■ **SOURCE MATERIAL**:
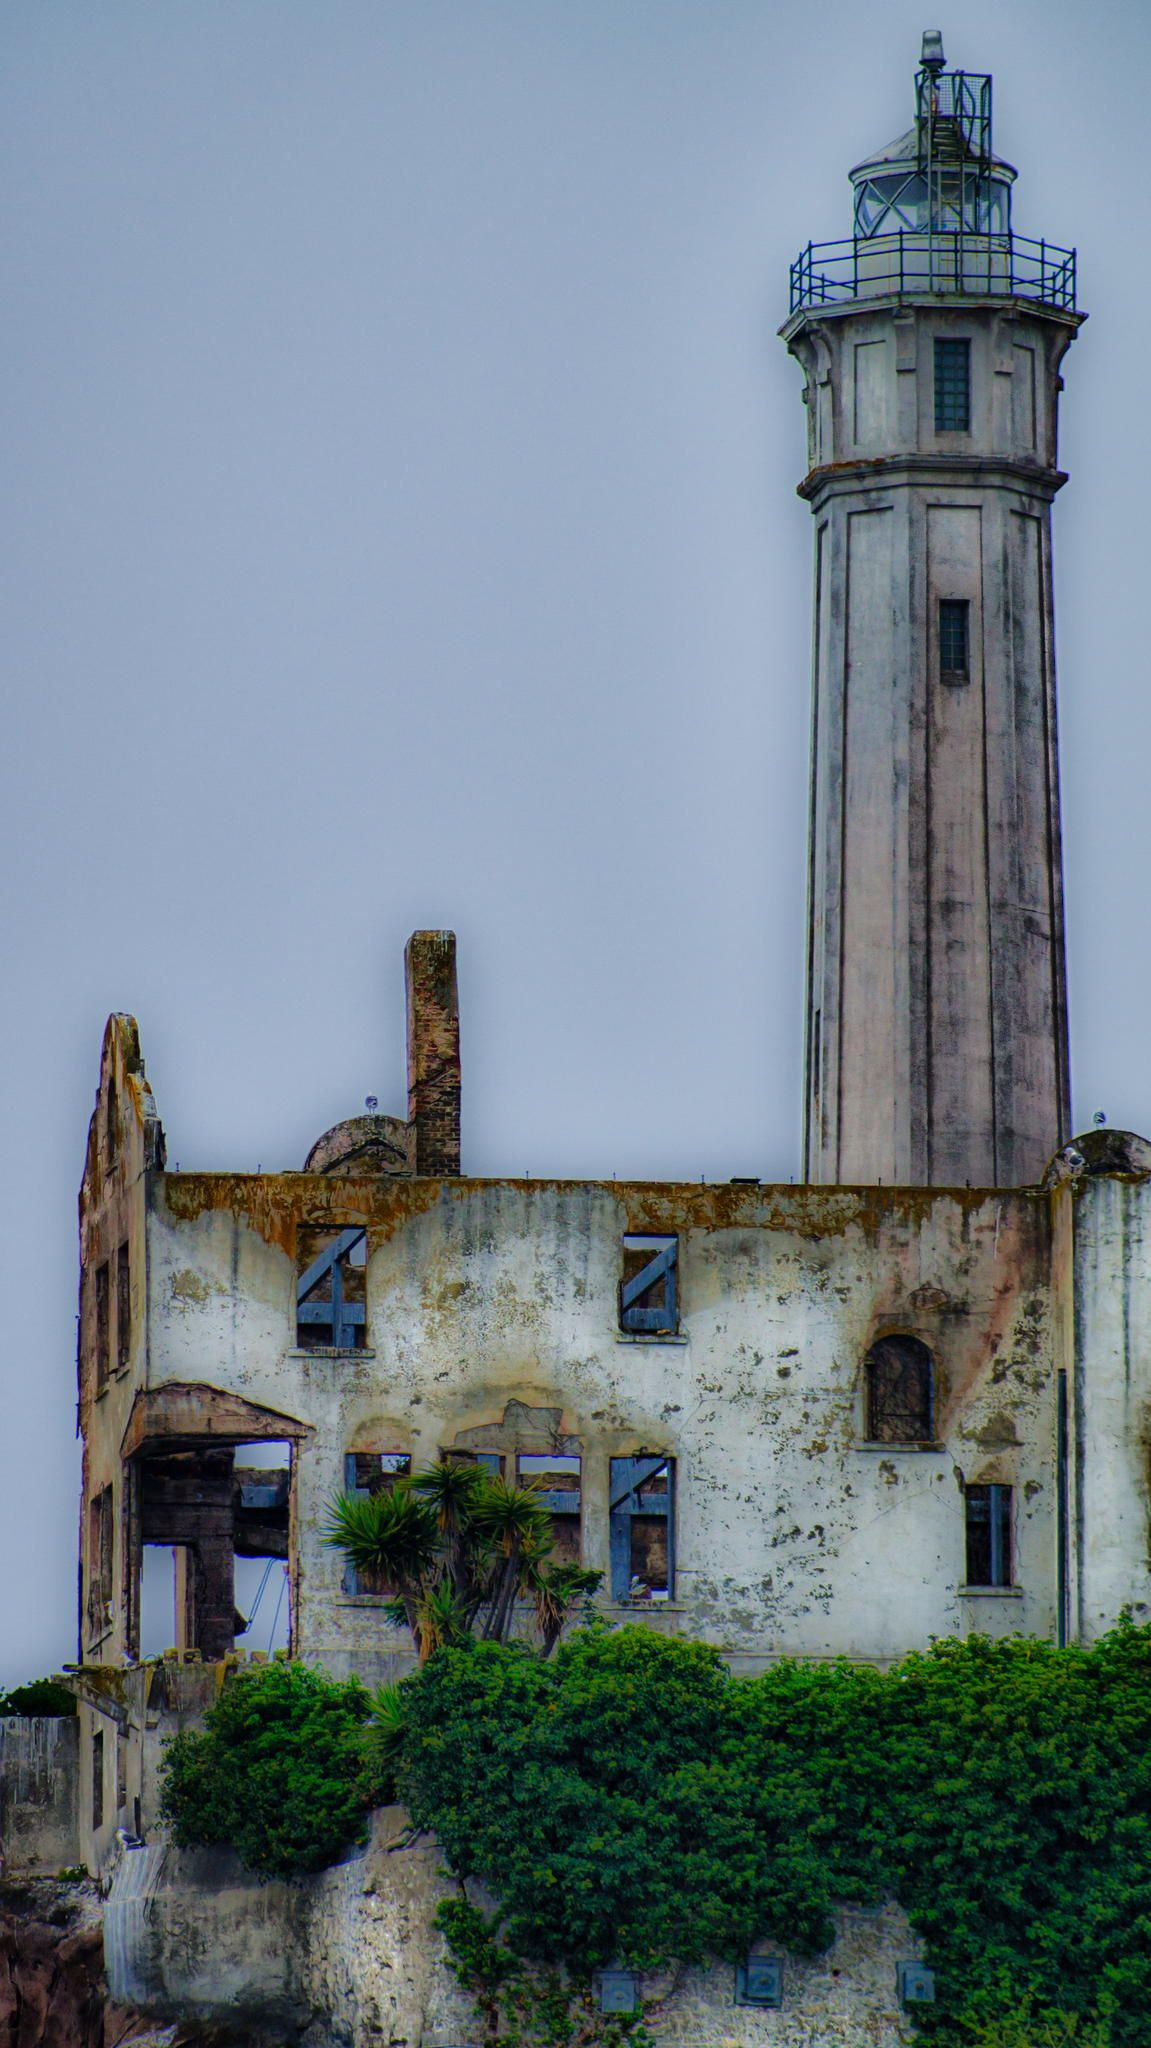 Light house and Wardens house on Alcatraz Island
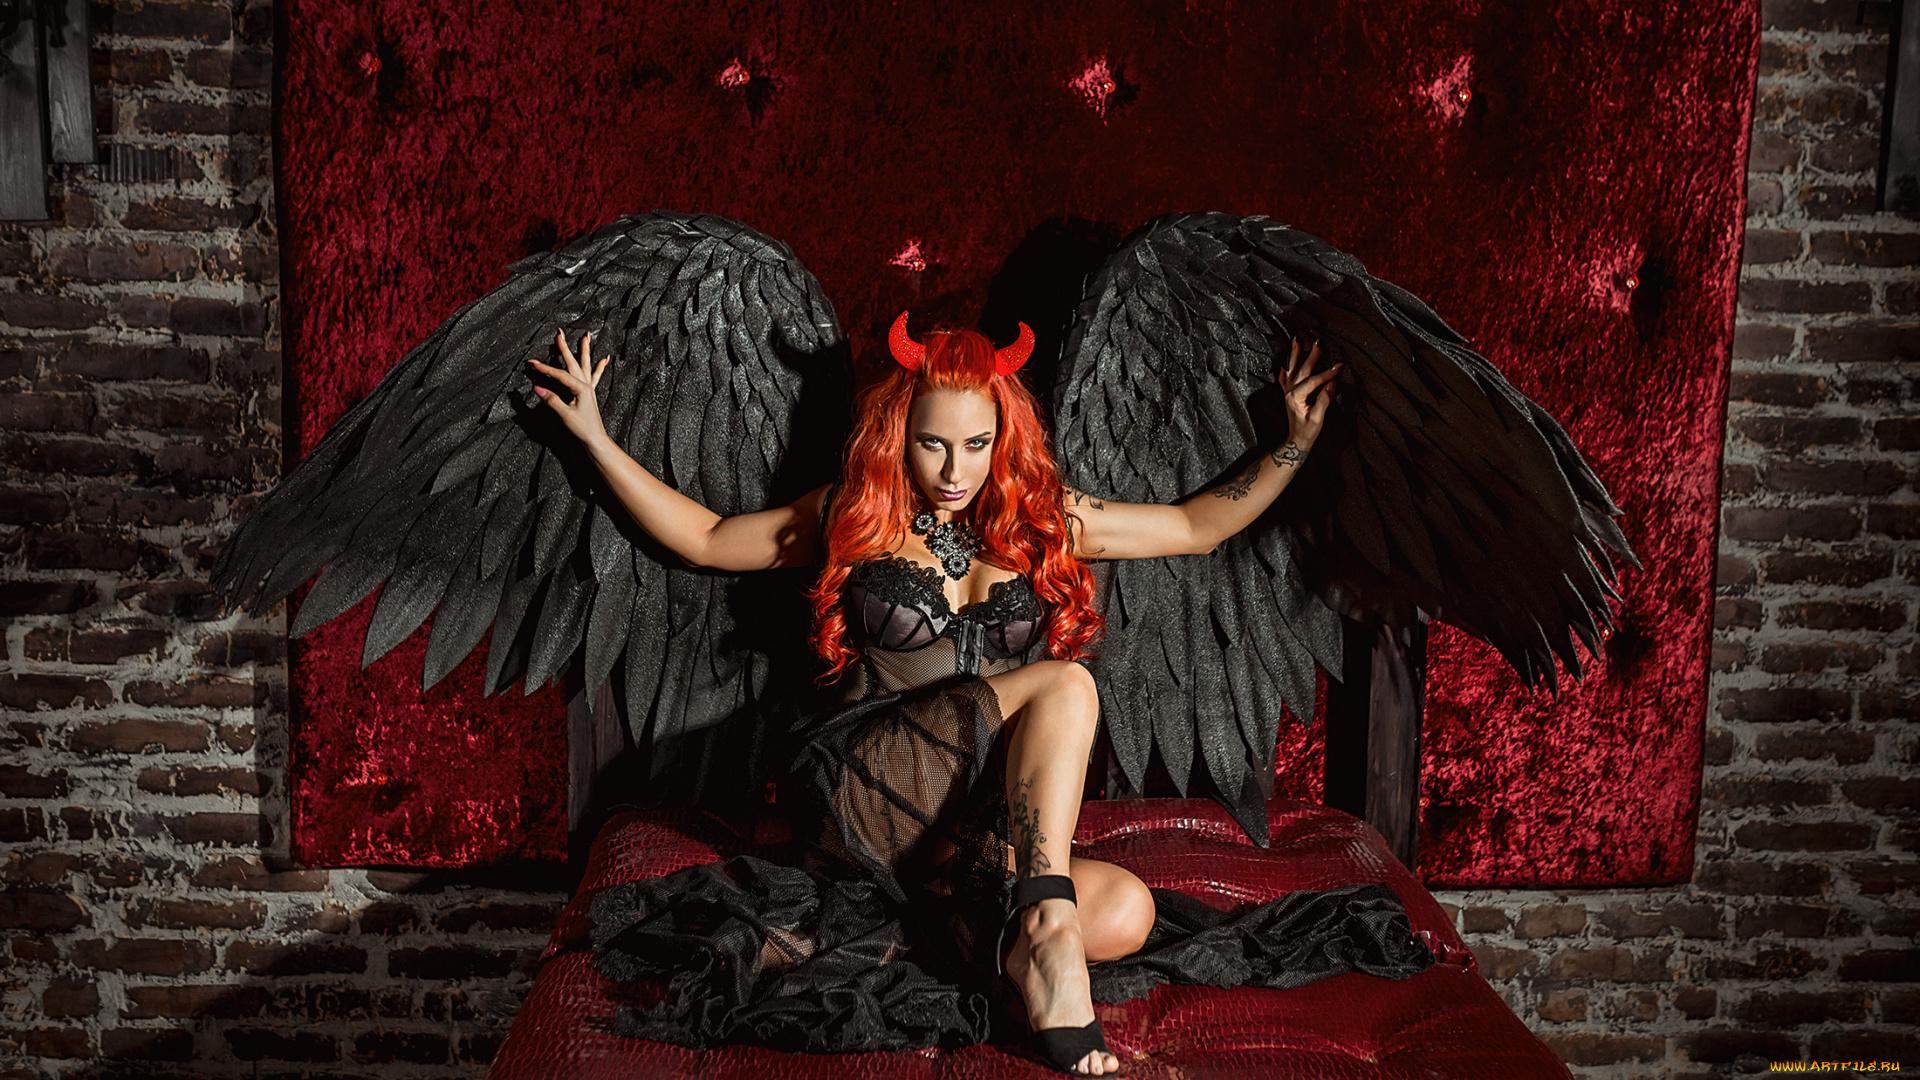 Картинки на тему девочки дьяволы
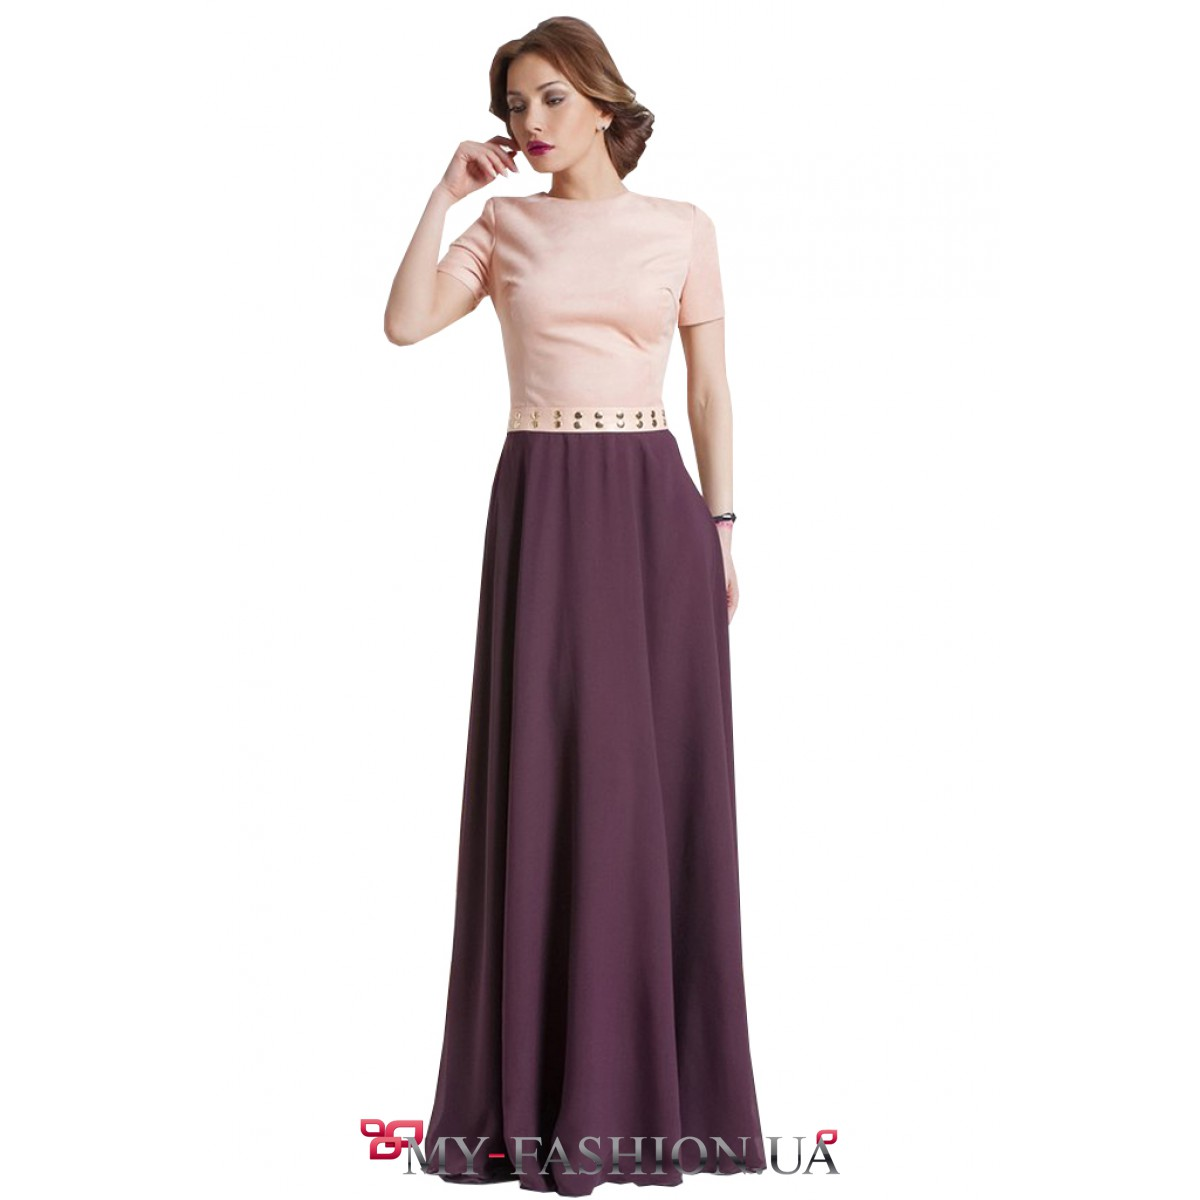 Вечерние платья юбки с доставкой
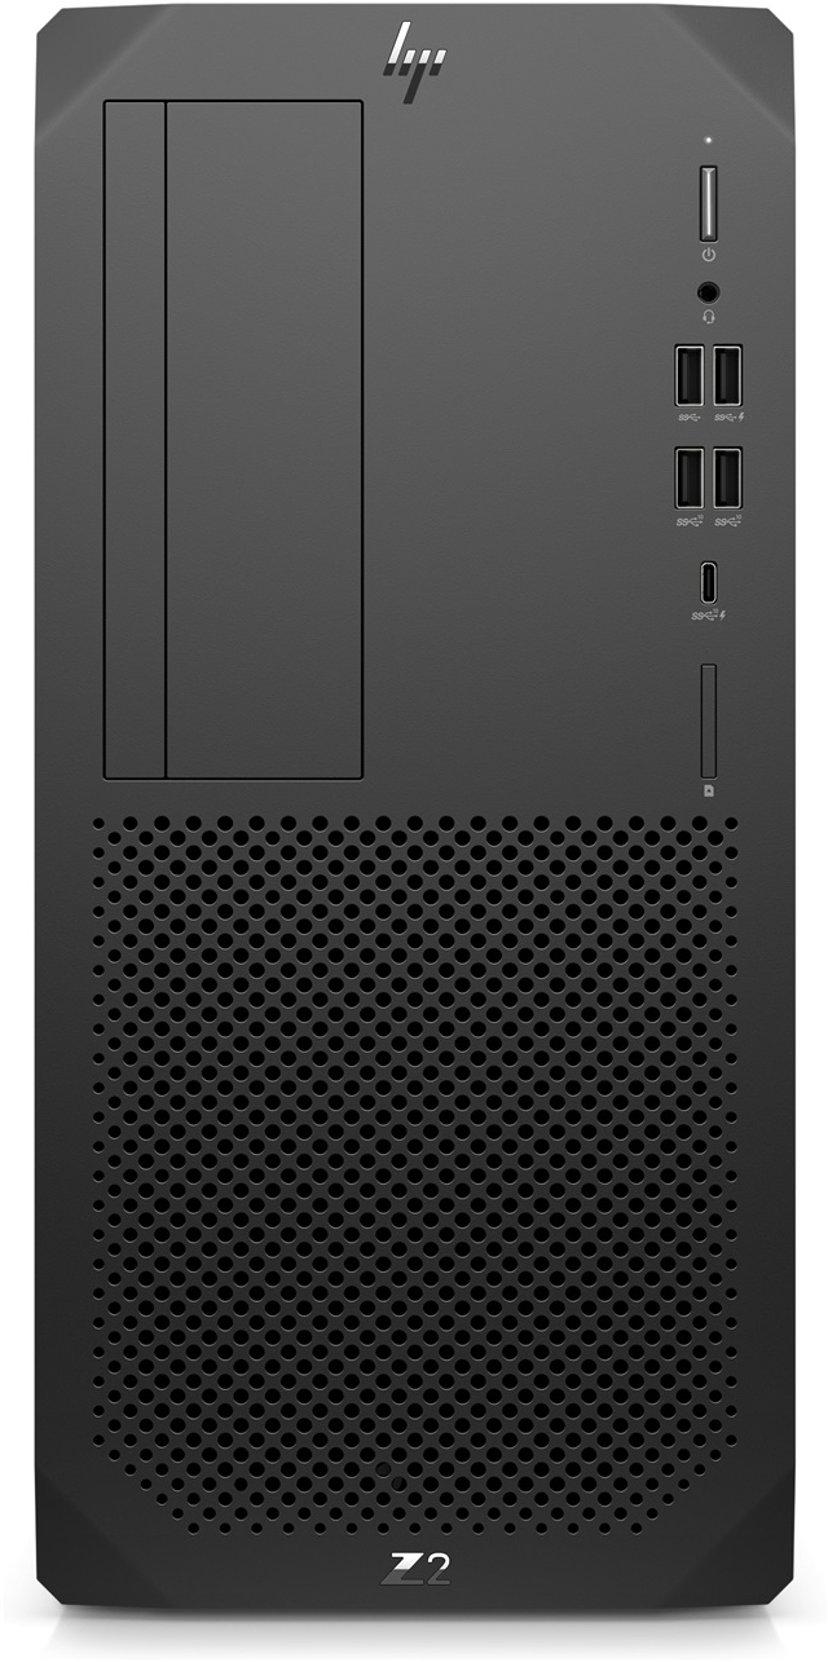 HP Z2 G5 Tower Core i7 32GB 1000GB SSD

■ **PROBLEM**: The material above holds pictures; copy everything else in it exactly.

■ **RESULT**:
 Light house and Wardens house on Alcatraz Island
 Картинки на тему девочки дьяволы
 Вечерние платья юбки с доставкой
 HP Z2 G5 Tower Core i7 32GB 1000GB SSD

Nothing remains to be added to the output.